WORK REQUEST. When you reach the line that contains "DE 50 2023 Aide" in the data below, start reproducing lines exactly, and stop after the line that contains "Explore Chinatown".
■ ■ ■ ■ ■ ■ ■
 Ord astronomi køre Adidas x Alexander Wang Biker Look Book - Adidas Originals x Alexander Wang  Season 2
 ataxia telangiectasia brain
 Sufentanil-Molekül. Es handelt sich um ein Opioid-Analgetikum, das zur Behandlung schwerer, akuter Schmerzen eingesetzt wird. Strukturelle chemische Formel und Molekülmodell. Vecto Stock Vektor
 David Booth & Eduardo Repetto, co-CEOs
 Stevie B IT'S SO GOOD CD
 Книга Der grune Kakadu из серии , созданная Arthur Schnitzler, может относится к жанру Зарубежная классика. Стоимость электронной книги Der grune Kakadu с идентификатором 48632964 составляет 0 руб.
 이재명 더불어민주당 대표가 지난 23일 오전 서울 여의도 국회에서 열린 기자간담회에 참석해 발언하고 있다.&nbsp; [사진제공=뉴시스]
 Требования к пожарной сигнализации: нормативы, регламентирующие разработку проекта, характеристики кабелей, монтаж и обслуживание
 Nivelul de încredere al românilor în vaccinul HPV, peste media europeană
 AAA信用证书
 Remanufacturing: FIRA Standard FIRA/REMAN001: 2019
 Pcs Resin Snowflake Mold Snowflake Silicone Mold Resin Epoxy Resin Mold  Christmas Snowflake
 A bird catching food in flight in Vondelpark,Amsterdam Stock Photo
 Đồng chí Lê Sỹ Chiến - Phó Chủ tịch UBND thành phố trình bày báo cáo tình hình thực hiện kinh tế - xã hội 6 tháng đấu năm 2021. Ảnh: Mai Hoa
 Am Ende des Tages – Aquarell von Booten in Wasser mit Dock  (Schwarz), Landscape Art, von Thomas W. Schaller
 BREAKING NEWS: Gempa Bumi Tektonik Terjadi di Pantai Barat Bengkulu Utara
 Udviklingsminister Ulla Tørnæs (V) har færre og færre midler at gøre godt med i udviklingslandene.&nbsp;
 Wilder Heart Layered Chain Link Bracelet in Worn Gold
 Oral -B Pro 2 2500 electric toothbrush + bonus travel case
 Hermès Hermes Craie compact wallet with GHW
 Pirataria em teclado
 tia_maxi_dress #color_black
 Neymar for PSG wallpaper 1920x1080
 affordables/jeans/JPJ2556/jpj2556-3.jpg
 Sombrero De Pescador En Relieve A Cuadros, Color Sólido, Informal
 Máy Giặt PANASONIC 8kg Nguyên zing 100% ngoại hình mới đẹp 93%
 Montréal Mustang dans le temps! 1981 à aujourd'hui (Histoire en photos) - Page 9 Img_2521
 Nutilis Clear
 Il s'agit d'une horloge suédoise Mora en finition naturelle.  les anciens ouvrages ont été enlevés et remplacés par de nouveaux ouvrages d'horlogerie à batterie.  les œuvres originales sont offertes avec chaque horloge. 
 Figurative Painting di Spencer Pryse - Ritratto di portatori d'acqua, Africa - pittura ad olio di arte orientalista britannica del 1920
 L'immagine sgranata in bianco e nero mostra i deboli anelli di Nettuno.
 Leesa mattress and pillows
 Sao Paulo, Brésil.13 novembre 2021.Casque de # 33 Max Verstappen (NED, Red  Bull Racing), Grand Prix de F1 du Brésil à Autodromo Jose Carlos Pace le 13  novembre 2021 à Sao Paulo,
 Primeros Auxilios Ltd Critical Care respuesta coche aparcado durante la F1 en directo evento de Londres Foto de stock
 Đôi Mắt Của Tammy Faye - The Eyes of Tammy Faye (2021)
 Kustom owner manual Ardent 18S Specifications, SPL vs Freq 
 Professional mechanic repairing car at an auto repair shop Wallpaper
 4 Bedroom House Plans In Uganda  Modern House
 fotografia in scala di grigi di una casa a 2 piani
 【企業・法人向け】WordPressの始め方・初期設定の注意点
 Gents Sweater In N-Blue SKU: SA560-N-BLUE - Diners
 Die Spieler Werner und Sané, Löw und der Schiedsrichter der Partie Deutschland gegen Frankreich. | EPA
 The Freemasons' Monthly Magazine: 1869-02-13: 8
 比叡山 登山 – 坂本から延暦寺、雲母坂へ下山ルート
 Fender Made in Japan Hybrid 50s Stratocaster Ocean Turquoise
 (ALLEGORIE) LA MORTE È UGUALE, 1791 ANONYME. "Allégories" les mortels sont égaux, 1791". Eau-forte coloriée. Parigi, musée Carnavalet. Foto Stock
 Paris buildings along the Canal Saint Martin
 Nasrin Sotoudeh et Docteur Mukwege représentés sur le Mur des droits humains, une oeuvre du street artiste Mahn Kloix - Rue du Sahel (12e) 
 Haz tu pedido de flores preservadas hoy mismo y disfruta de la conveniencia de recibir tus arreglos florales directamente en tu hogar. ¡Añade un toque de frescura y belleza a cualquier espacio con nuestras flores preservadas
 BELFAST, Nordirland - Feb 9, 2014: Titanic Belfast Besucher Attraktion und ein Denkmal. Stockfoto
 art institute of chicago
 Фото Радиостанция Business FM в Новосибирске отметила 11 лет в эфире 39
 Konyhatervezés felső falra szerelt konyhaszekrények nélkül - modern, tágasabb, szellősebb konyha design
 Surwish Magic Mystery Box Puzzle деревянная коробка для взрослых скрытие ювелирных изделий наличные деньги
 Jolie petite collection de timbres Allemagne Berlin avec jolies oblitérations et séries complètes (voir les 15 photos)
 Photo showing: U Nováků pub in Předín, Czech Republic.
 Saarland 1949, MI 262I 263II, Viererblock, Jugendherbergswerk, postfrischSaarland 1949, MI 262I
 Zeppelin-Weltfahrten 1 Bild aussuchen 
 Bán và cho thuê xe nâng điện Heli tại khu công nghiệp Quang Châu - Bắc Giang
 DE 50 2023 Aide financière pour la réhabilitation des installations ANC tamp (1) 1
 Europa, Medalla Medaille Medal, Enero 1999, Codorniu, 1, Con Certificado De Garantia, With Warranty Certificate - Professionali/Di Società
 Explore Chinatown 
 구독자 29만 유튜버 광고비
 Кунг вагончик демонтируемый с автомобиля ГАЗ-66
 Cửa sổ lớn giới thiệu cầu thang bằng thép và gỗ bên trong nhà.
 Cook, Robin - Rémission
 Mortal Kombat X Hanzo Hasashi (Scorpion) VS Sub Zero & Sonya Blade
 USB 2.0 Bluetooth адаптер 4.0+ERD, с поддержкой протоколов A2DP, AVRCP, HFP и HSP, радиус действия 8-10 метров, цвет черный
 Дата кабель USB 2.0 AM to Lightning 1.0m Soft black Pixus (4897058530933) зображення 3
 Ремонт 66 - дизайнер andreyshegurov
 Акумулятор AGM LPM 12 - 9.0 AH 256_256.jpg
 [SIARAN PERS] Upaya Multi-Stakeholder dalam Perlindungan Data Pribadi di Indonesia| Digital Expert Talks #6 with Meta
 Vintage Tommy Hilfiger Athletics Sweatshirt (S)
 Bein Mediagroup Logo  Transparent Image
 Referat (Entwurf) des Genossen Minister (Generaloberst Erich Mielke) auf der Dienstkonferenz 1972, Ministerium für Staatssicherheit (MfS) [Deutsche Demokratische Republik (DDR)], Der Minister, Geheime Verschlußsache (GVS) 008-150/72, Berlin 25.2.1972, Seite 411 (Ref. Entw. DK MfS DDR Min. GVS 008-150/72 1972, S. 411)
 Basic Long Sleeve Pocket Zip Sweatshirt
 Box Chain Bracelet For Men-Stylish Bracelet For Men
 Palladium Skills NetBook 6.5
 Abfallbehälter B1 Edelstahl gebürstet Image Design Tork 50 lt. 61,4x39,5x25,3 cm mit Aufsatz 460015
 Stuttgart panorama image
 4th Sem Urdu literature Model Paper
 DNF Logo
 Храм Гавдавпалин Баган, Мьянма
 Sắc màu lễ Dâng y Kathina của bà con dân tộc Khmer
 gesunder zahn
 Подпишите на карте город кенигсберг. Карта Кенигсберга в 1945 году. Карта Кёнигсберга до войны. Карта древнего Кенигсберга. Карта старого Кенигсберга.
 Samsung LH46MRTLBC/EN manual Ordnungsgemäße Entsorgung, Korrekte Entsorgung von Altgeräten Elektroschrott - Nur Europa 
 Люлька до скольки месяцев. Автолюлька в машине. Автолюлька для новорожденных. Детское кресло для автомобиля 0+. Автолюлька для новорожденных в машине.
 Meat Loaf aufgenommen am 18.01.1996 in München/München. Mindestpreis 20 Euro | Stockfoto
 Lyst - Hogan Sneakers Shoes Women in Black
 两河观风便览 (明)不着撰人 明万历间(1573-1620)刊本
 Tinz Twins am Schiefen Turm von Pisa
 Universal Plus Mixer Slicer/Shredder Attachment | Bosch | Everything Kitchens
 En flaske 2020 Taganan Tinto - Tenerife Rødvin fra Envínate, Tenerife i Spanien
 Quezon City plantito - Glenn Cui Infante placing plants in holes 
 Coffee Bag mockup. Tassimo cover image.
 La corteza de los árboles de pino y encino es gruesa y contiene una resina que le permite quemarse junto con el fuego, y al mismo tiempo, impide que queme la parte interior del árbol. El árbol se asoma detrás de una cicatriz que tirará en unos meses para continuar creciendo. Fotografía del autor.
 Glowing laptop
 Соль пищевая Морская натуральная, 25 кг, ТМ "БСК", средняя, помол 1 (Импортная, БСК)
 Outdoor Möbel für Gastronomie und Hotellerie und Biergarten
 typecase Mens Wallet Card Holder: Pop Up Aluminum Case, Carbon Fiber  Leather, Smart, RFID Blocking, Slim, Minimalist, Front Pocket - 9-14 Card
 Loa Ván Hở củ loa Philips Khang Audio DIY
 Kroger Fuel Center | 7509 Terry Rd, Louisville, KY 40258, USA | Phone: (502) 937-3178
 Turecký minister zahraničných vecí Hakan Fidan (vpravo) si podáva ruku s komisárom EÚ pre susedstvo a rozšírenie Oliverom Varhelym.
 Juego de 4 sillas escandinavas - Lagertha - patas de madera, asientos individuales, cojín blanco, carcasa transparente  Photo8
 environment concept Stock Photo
■ ■ ■ ■ ■ ■ ■
RESULT OF THIS EXERCISE.
 DE 50 2023 Aide financière pour la réhabilitation des installations ANC tamp (1) 1
 Europa, Medalla Medaille Medal, Enero 1999, Codorniu, 1, Con Certificado De Garantia, With Warranty Certificate - Professionali/Di Società
 Explore Chinatown 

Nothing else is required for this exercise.